I was getting a manicure when the marathon bombing first came on the news. I was deciding between dark blue and moss green. I stopped what I was doing and looked up at the TV. My friend didn’t look up. She kept going back and fourth between coral and teal.
I watched as two women getting pedicures put their hands to their mouths and stared at the TV in horror. The woman giving them pedicures started making sweeping statements like, “It’s a terrible world we live in,” and “there are such sick people in this world.”
My friend was still deciding on a color, not looking up. “What color are you getting?” she asked.
“I’m busy watching this,” I said. She didn’t reply or look up at the screen. “Do you see what’s happening?” I asked. “Do you get it?”
“I’m standing right here,” she said, still deciding on a color. “Of course I do.”
She got it. The pedicure lady got it. I got it. We just didn’t know what to say about it. Now, days later, I realize that everyone is allowed to get it in their own way. I have a real problem with some of things people post on Facebook, or with the kinds of sweeping statements that the pedicure lady kept making, but ultimately this is the way these people are dealing with it. When I think about how I feel about the whole thing my mind simultaneously goes blank and rushes. I think: it’s awful those people died. It must have been terrifying. I think: how dare they do that to Boston? No, that’s a stupid thing to think. I think: this reminds me of when my uncle died. At least I didn’t know anyone. I think: everytime a person dies someone knew them. What does it matter if I do? I think: I have no right to think any thoughts about this.
Still, when I try and think about how I feel about the whole thing I can’t think of anything. I feel sad and angry but I’m sad and angry a lot of the time. I feel like I should be thinking something important and clear but I can’t. I feel frustrated with myself for not knowing how I feel, but more than anything I feel frustrated with myself for thinking more about my own comprehension of this than the actual issue at stake. But I don’t know how I feel about the issue at stake, so I guess that brings me back to the beginning.
I’ve heard people say a lot of awful things about this, and that’s one of the things I can’t make sense of. I heard someone say people need to stop freaking out because things like this happen all the time, just not usually in a rich little privileged city. I think that’s awful because Boston is my city and I don’t think she would have said that if she weren’t from New York. I think saying things like that is hateful, but then I wonder if thinking this way makes me hateful towards her. She said it because she can’t think of anything to say about it and sometimes people need something to say when they don’t understand something. I wanted to yell at her but I stayed quiet because I’m not sure I have anything better to say than she does. I don’t know how I feel about any it. I just know Boston deserves respect, right? Or is respect irrelevant at this point? Is it about something else?
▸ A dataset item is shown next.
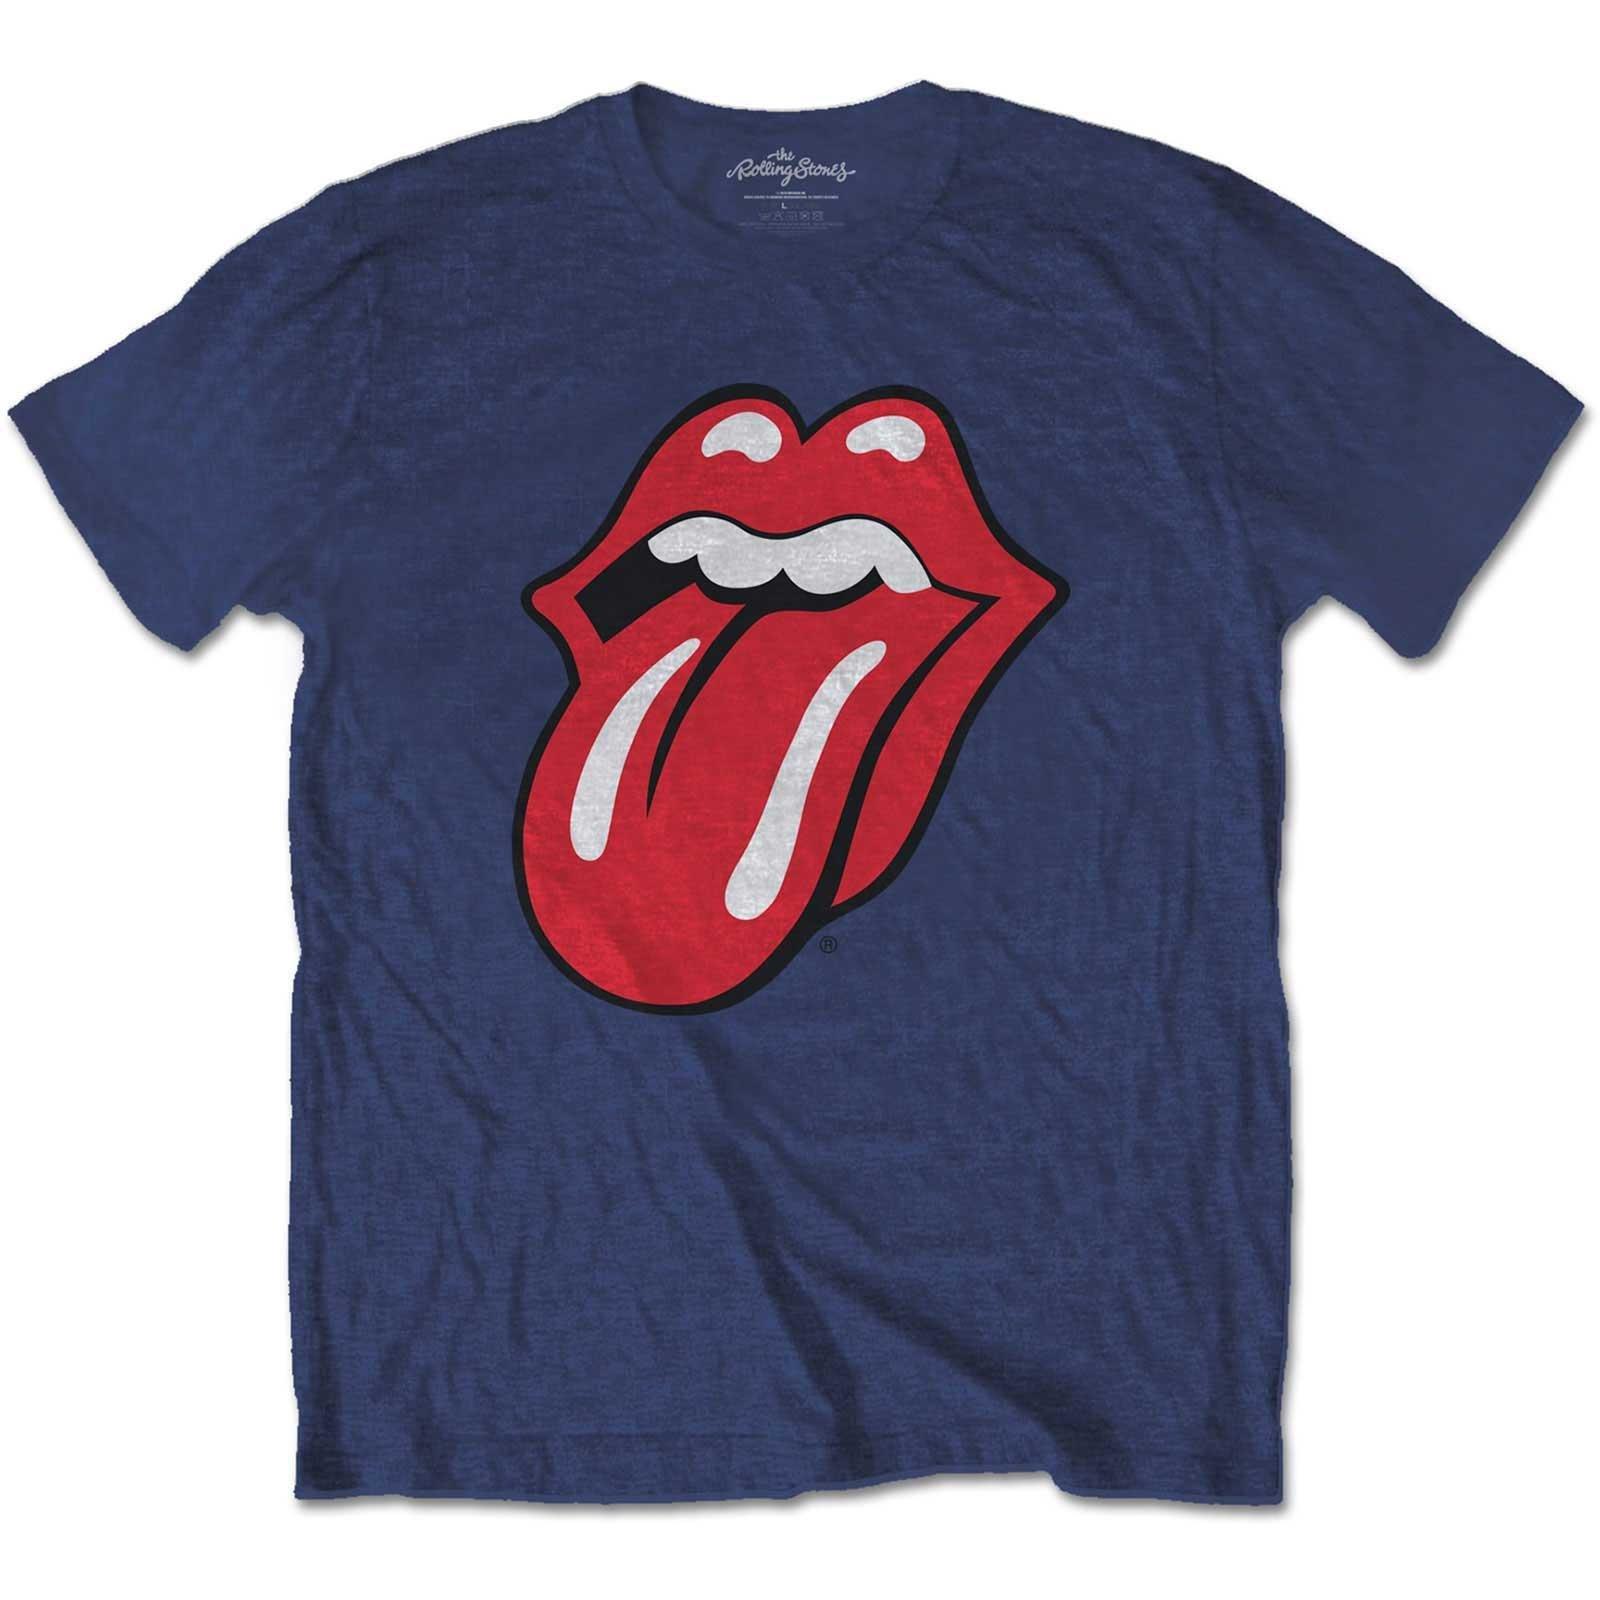 Classic Tshirt Jungen Marine 104 von The Rolling Stones

I’m also sick of the argument that this is getting an unfair amount of coverage when terrible things are happening all the time in other countries. That’s really vague but I’m only being vague because the people who keep saying these things are being really vague too. I think that’s an awful argument to make because people are only freaking out so much about this / it’s only getting so much coverage because bombings don’t usually happen in Boston and well, yes, that makes it important and no, it doesn’t make other things in other places less important, it just makes this a different kind of important and a different kind of scary. But of course, people react to these things in different ways, and if that’s the way people want to react then I guess they should just react that way. I’m not even capable of forming coherent thoughts about any of it and at least they’re doing that, right? Still, somehow I feel like they aren’t.
Another thing I can’t figure out is why I feel scared. See, I don’t feel scared for my safety. I’m away at school. I’m far from there. No, I feel scared in a broader, deeper way. It isn’t that I think this is a terrible world full of terrible people. I haven’t lost faith in humanity or anything like that. Maybe it’s about time, and the way it hadn’t happened before the day it happened, but then it did happen and once it happened I started feeling like something was different. But the truth is I felt scared before this happened. I feel scared a lot of the time. It’s just that now I feel scared because everyone is scared and everyone keeps talking and buzzing around saying things but saying nothing and I guess the thing I’m scared of is I don’t really know if things were that different before this. But of course they were. People died. People got hurt. Our city was threatened. Of course it’s different. I just can’t explain how.
This is what I mean, though. I don’t know how I feel. I picked the dark blue and it’s on my nails now. My nails look perfect, even though her hands were shaking while she painted them. They’ll chip eventually and then I’ll pick the rest off and then I’ll let them be plain for a while and then I’ll paint them again and that will be that. It seems terrible that I associate the marathon bombing with getting a manicure. But it isn’t, not really. We can’t help the things we think, and we can’t help the way we make sense of the information that’s handed to us. I think I’d just like to let myself feel scared without trying to make sense of it. I think I’d just like to let myself feel even if I don’t know what it is I’m feeling.